Overly confident after its successful revolution and ouster of the British imperial power, South Yemen's Marxist regime, advised by East Germany's Stasi spy chief Markus Wolf, also pushed its luck by sponsoring the Marxist-dominated Popular Front for the Liberation of Oman and the Arab Gulf. Advised by British officers seconded to their forces, the Omanis got Yemen's proxies to cry Arabic for "uncle" and the entrance to the oil-rich Persian Gulf remained in Omani hands.

Officially reunified, North and South Yemen have been under the presidency of Ali Abdullah Saleh for two decades. Before that, Saleh had been president of North Yemen since 1978.

In 1990, Yemen under Saleh was the only country -- apart from Cuba -- to oppose the Iraq War. The Saudis made him pay dearly for his unruly behavior. They expelled more than 1 million Yemeni workers who had enjoyed a special status that entitled them to work in the kingdom. This made Yemen's economic crisis that much more acute.

A Yemeni Houthi armed resistance group in the north that is anti-Saudi and anti-Saleh (and some claim supported by Iran) and new separatists in South Yemen give the central government little sway beyond the capital's city limits.

Advertisement

The majority of a population of 23 million is under 30, almost half of them unemployed. Al-Qaida's siren song on the Internet, even in remote villages, is that the enemy is America.

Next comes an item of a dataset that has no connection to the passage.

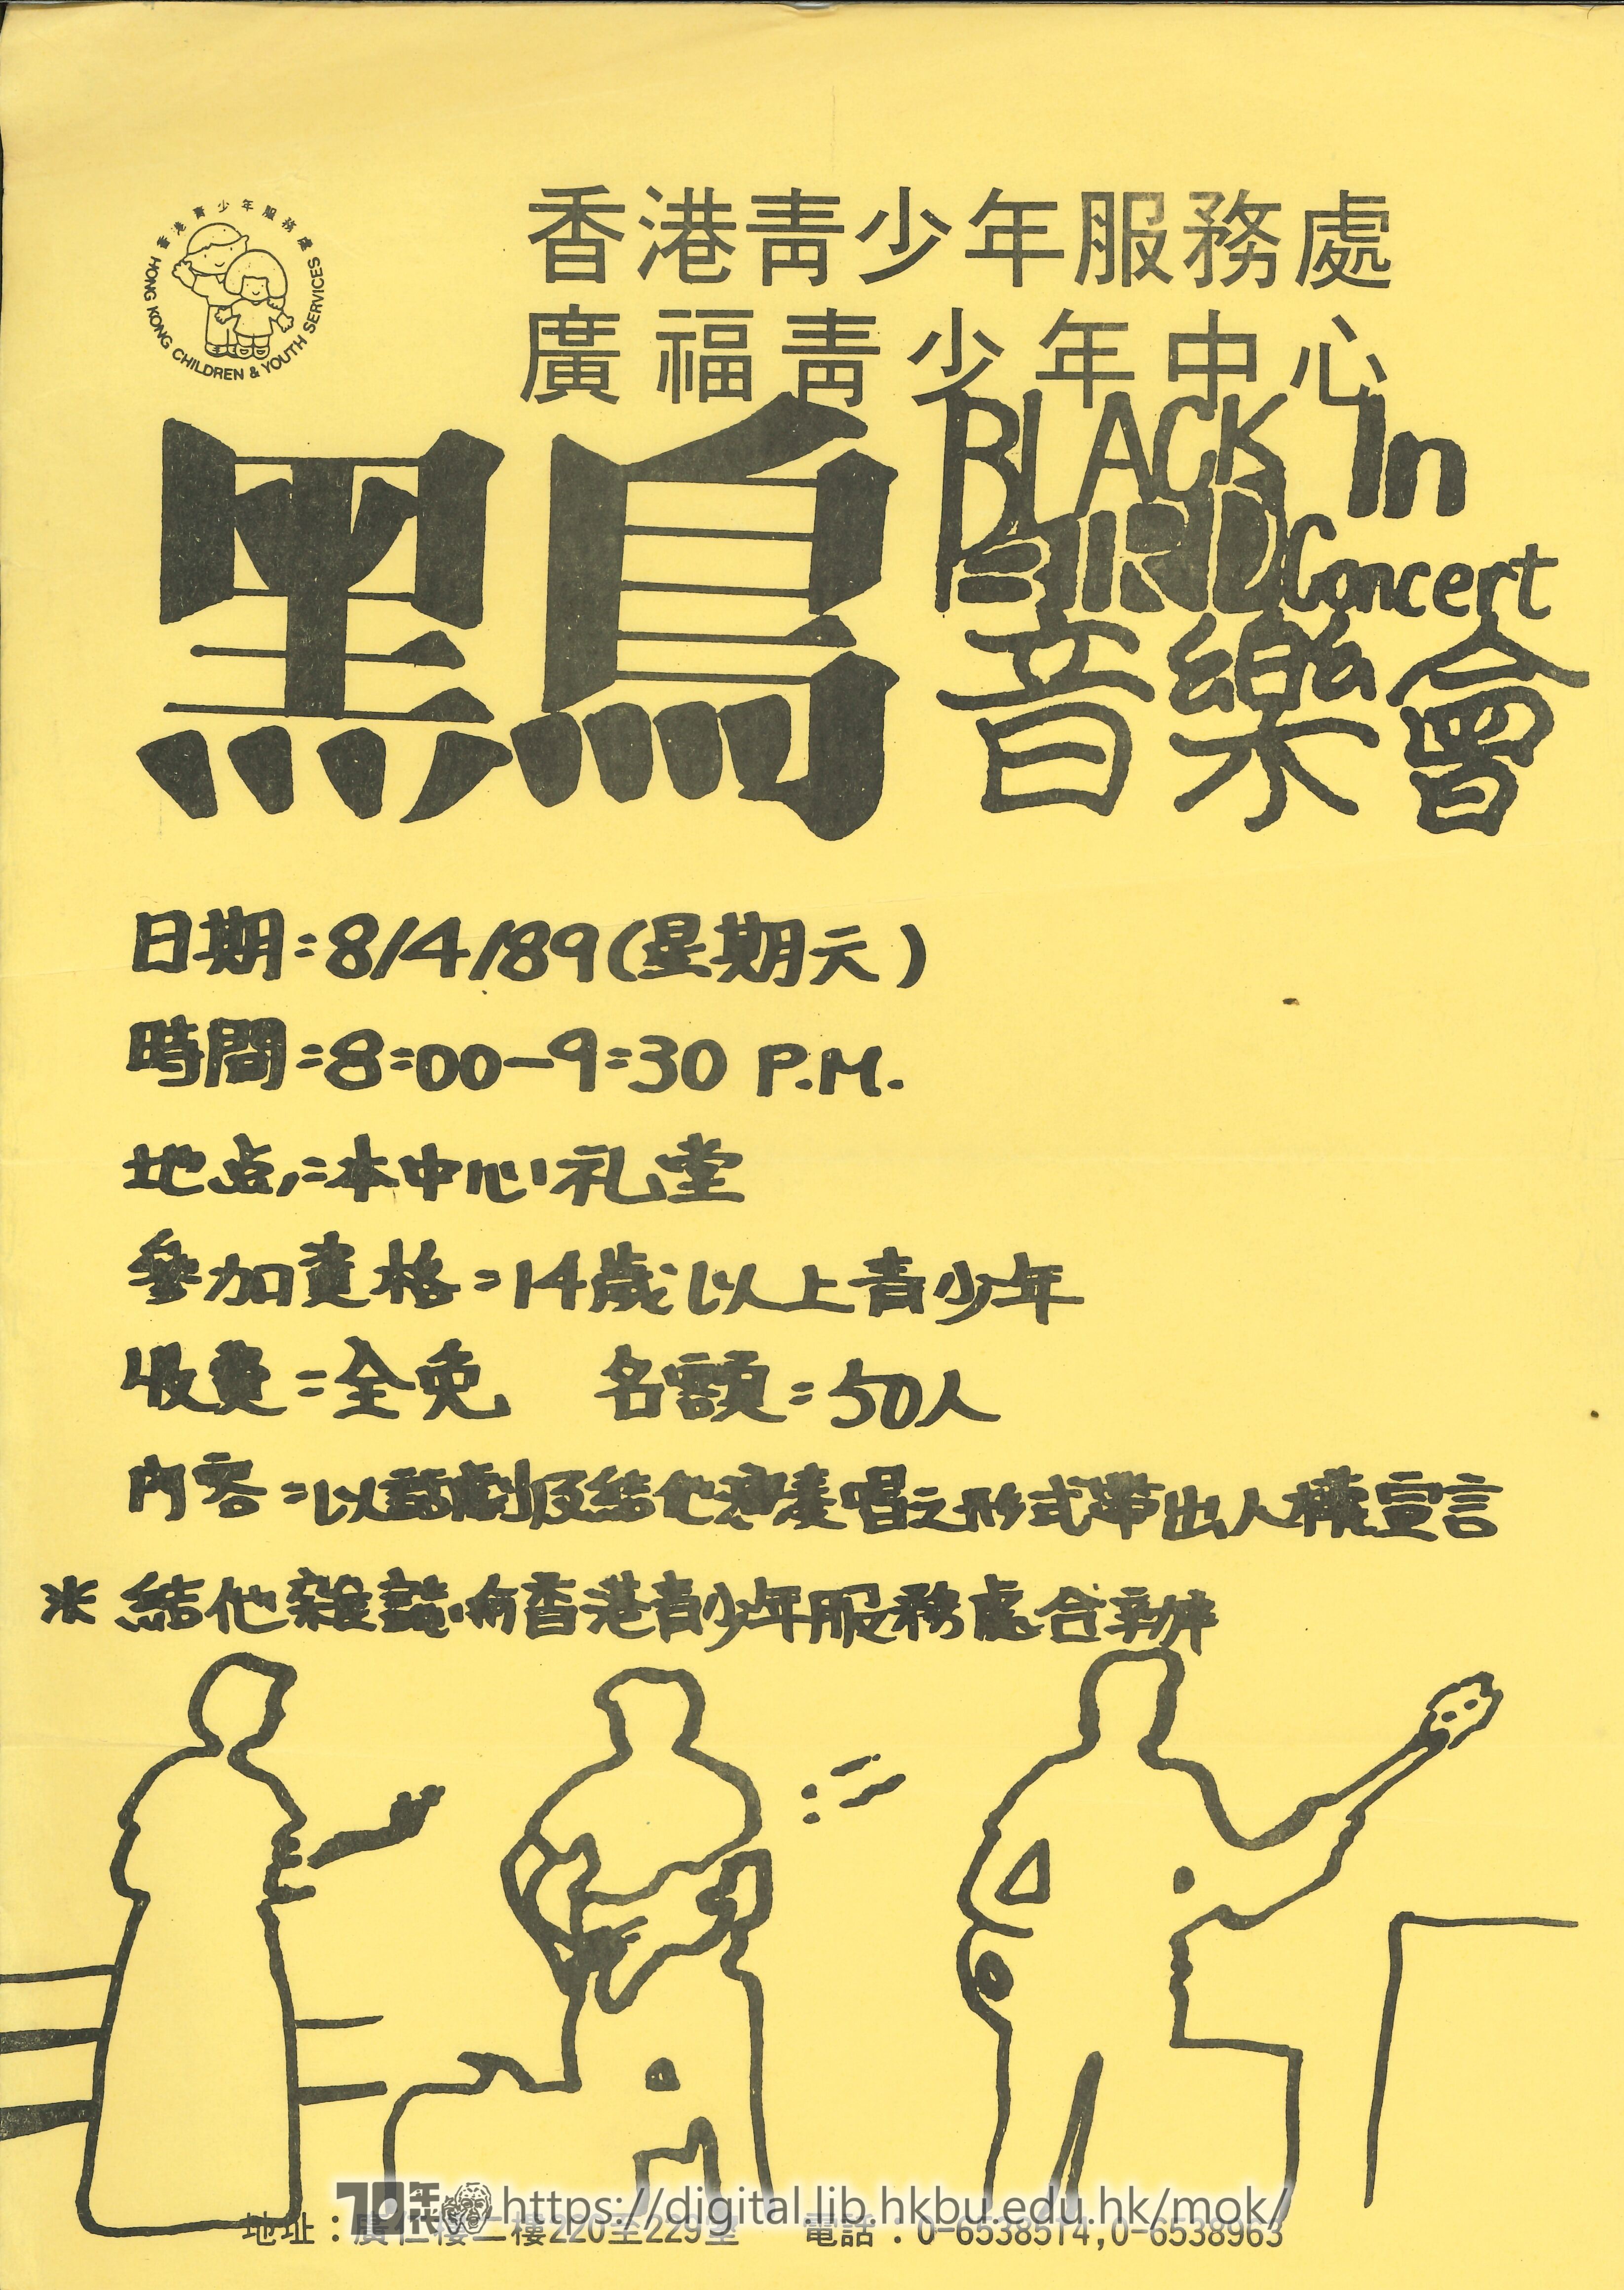 Blackbird  Poster of Blackbird concert

Most Yemeni males chew qat, a mild narcotic, several times a day. But qat cultivation consumes more water than any other plant. And half the available water for irrigation goes to qat.

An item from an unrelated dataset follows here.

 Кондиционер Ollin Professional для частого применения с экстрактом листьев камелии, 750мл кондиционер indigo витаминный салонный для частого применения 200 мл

Water shortages are acute throughout much of the Middle East. And in Yemen, even more so. There is only enough water for half of Sanaa's 2 million residents. Some experts say Sanaa may be the first capital city to die of thirst.

As Yemenis survey the scene in Iraq, Afghanistan and Pakistan, it doesn't require an overwhelming effort of imagination to conclude, with the assistance of al-Qaida's operatives, that the United States is at war against Muslims. Saleh is seen by many as an American puppet who authorized the Saudis to bomb northern Houthi villages.

There is no shortage of recruits for al-Qaida's religious proselytizers who chant the merits of jihad. And it is hard to distinguish between angry unemployed youngsters with easy access to arms and al-Qaida's fighters.

Those familiar with both Yemen and Saudi Arabia since 9/11 say al-Qaida sympathizers in the Saudi kingdom were carrying out attacks in Saudi cities until 2003 when opinion turned against jihadis. By 2006, pro-jihadi resistance had been crushed. And those captured were put through intensive de-brainwashing courses.

Advertisement

This isn't likely to happen in Yemen where, unlike Saudi Arabia, extreme poverty keeps the jihadi pot boiling. Poor Yemenis tend to say that so-called al-Qaida killings are organized by Saleh's government as a pretext to crack down on anyone who speaks too loudly against authority.